**WHAT THE TASK ASKS:** Where the data below begins, start duplicating lines exactly, and finish with the line containing "How To Make Lectern In Minecraft"; add nothing else. Leave the pictures out.

**MATERIAL PROVIDED:**

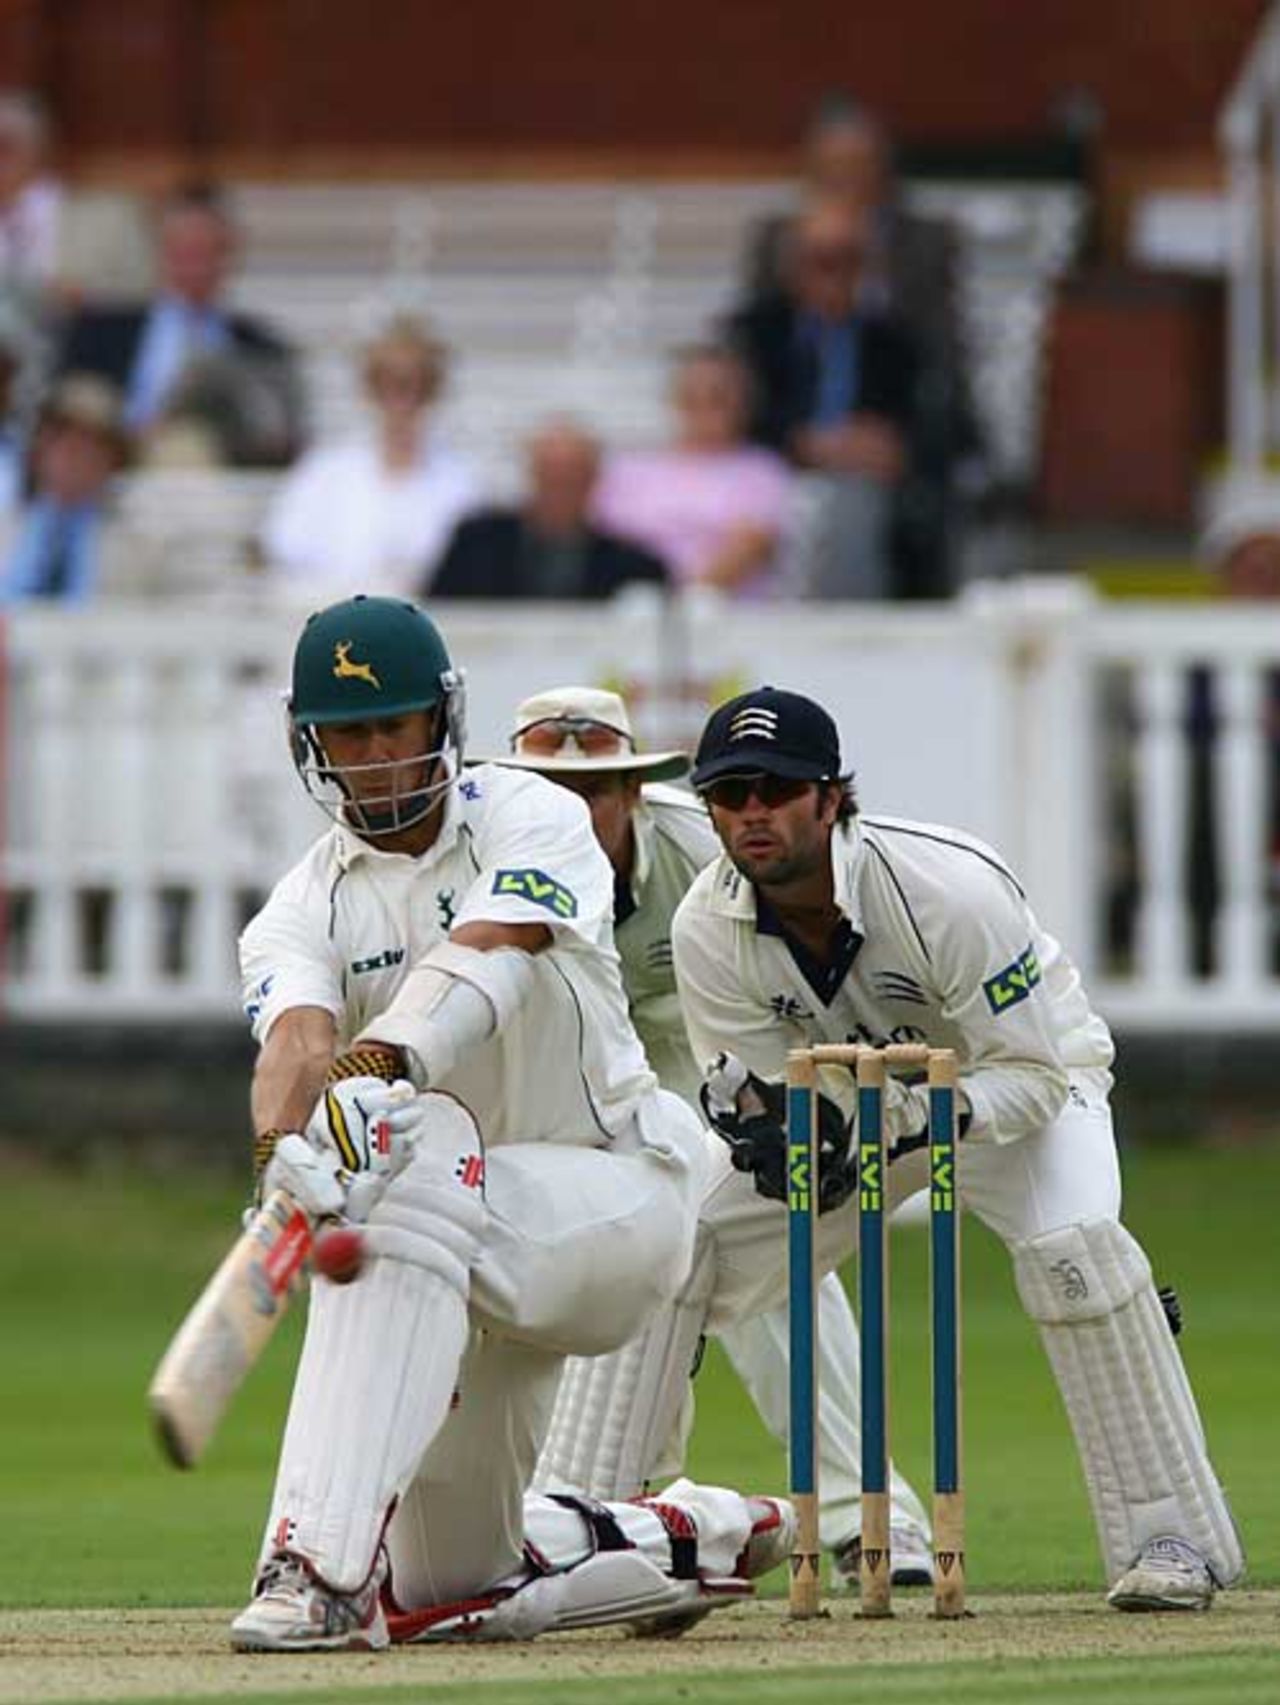 Mark Wagh sweeps as Nottinghamshire make a solid start at Lord's, Middlesex v Nottinghamshire, County Championship, Lord's, August 29, 2007
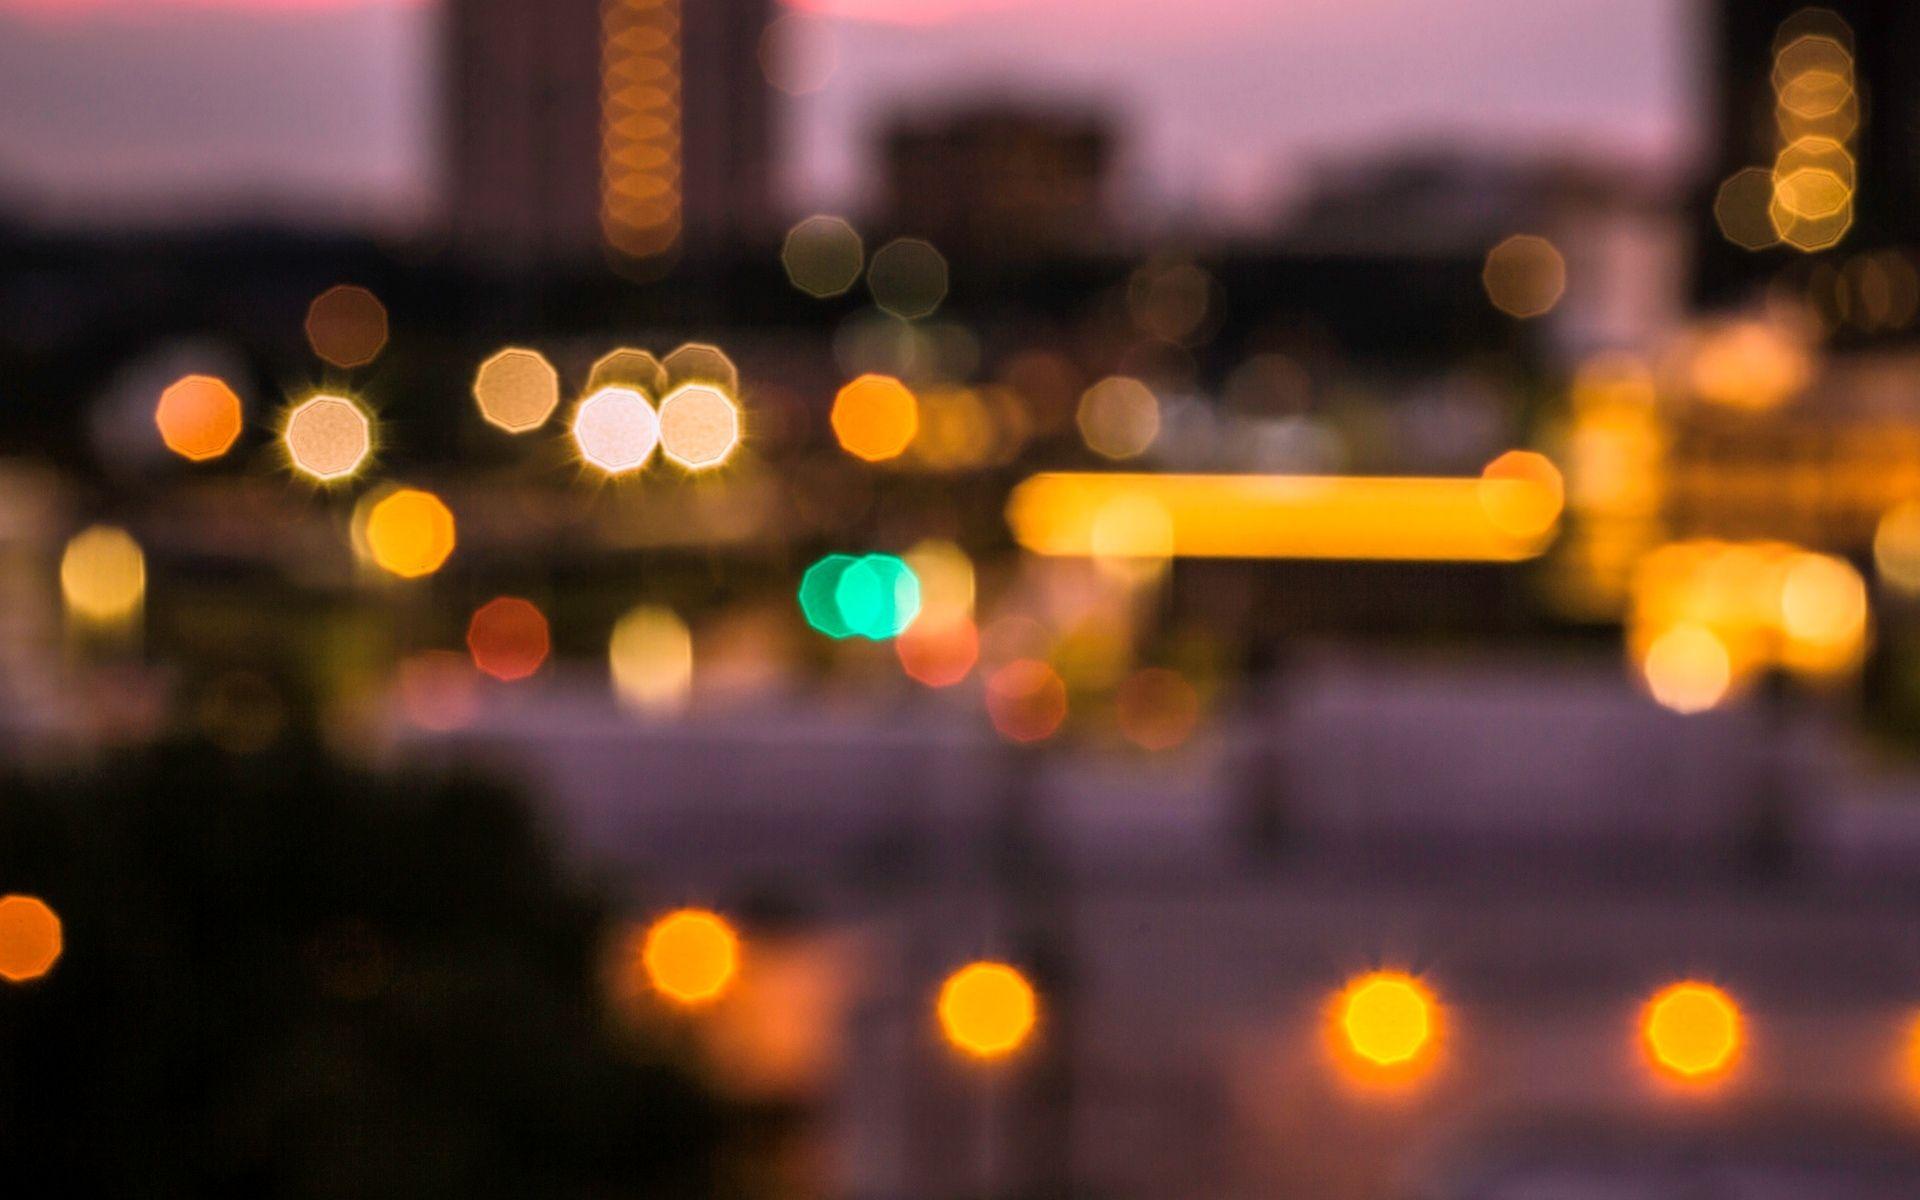 Beautiful Sunset City Bokeh Blurred Background Photo Defocused Abstract  CityBackground Out Of FocusCan Use As Wallpaper Or Background For Design  Summer Blurry City Backdrop Stock Photo Picture And Royalty Free Image  Image
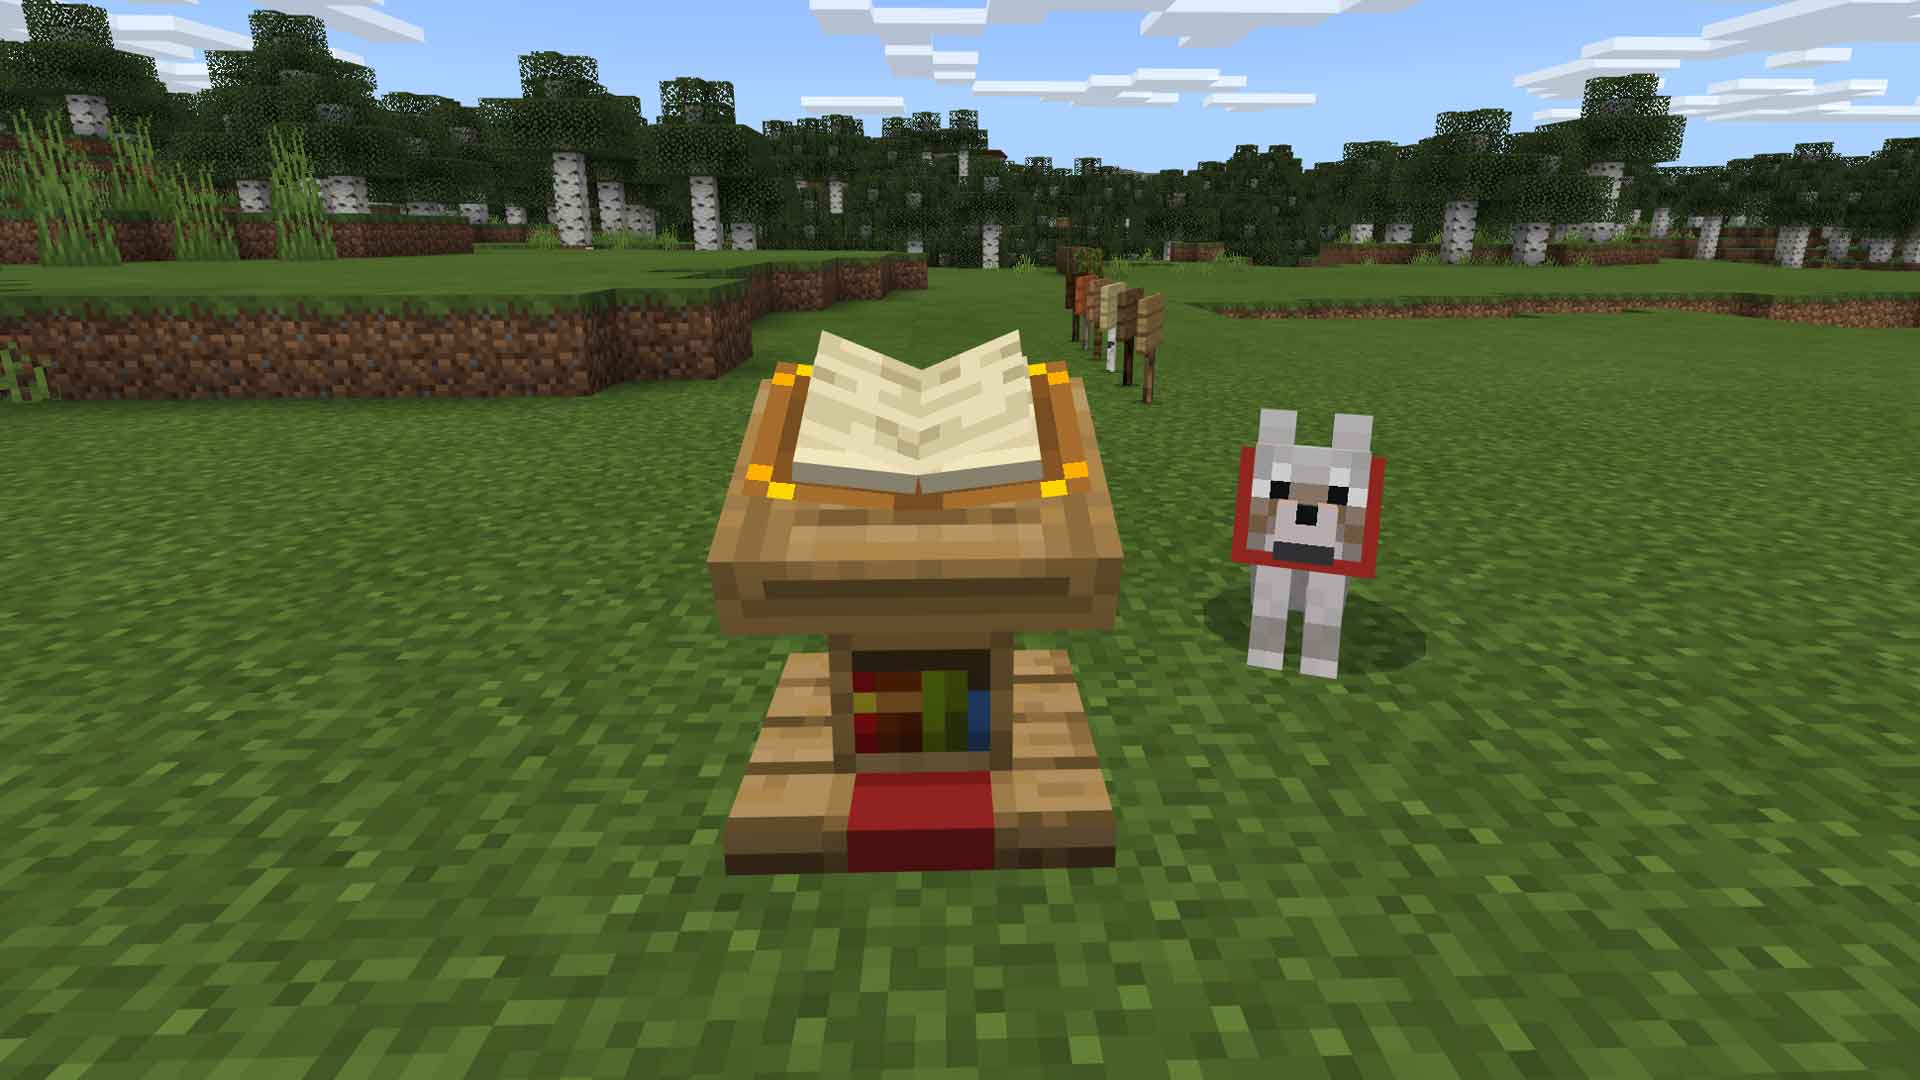 How To Make Lectern In Minecraft
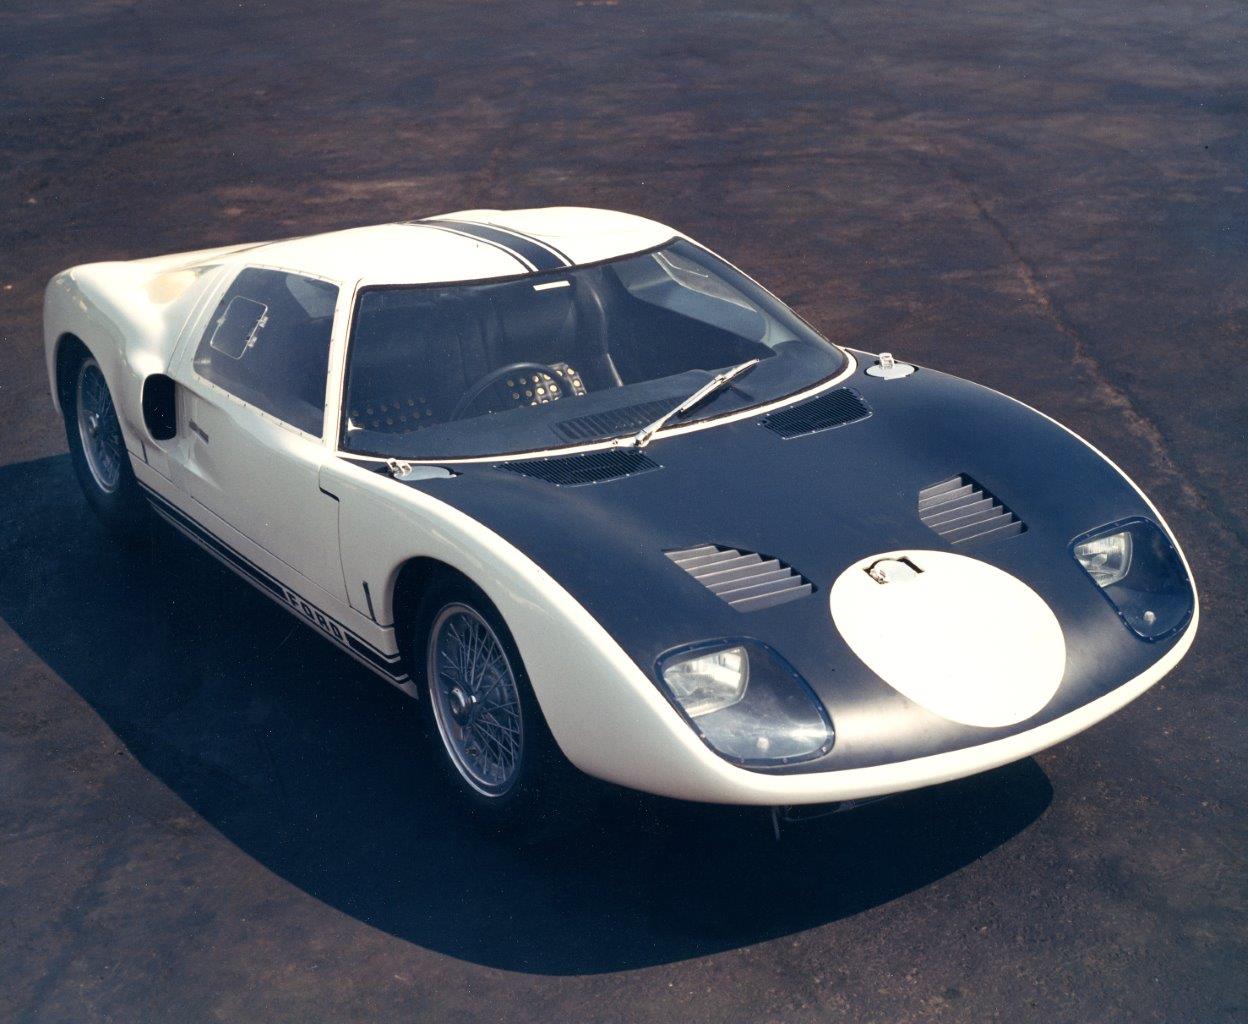 The new Ford GT as it was unveiled to the world’s press in 1964.

**YOUR SOLUTION:**
 Mark Wagh sweeps as Nottinghamshire make a solid start at Lord's, Middlesex v Nottinghamshire, County Championship, Lord's, August 29, 2007
 Beautiful Sunset City Bokeh Blurred Background Photo Defocused Abstract  CityBackground Out Of FocusCan Use As Wallpaper Or Background For Design  Summer Blurry City Backdrop Stock Photo Picture And Royalty Free Image  Image
 How To Make Lectern In Minecraft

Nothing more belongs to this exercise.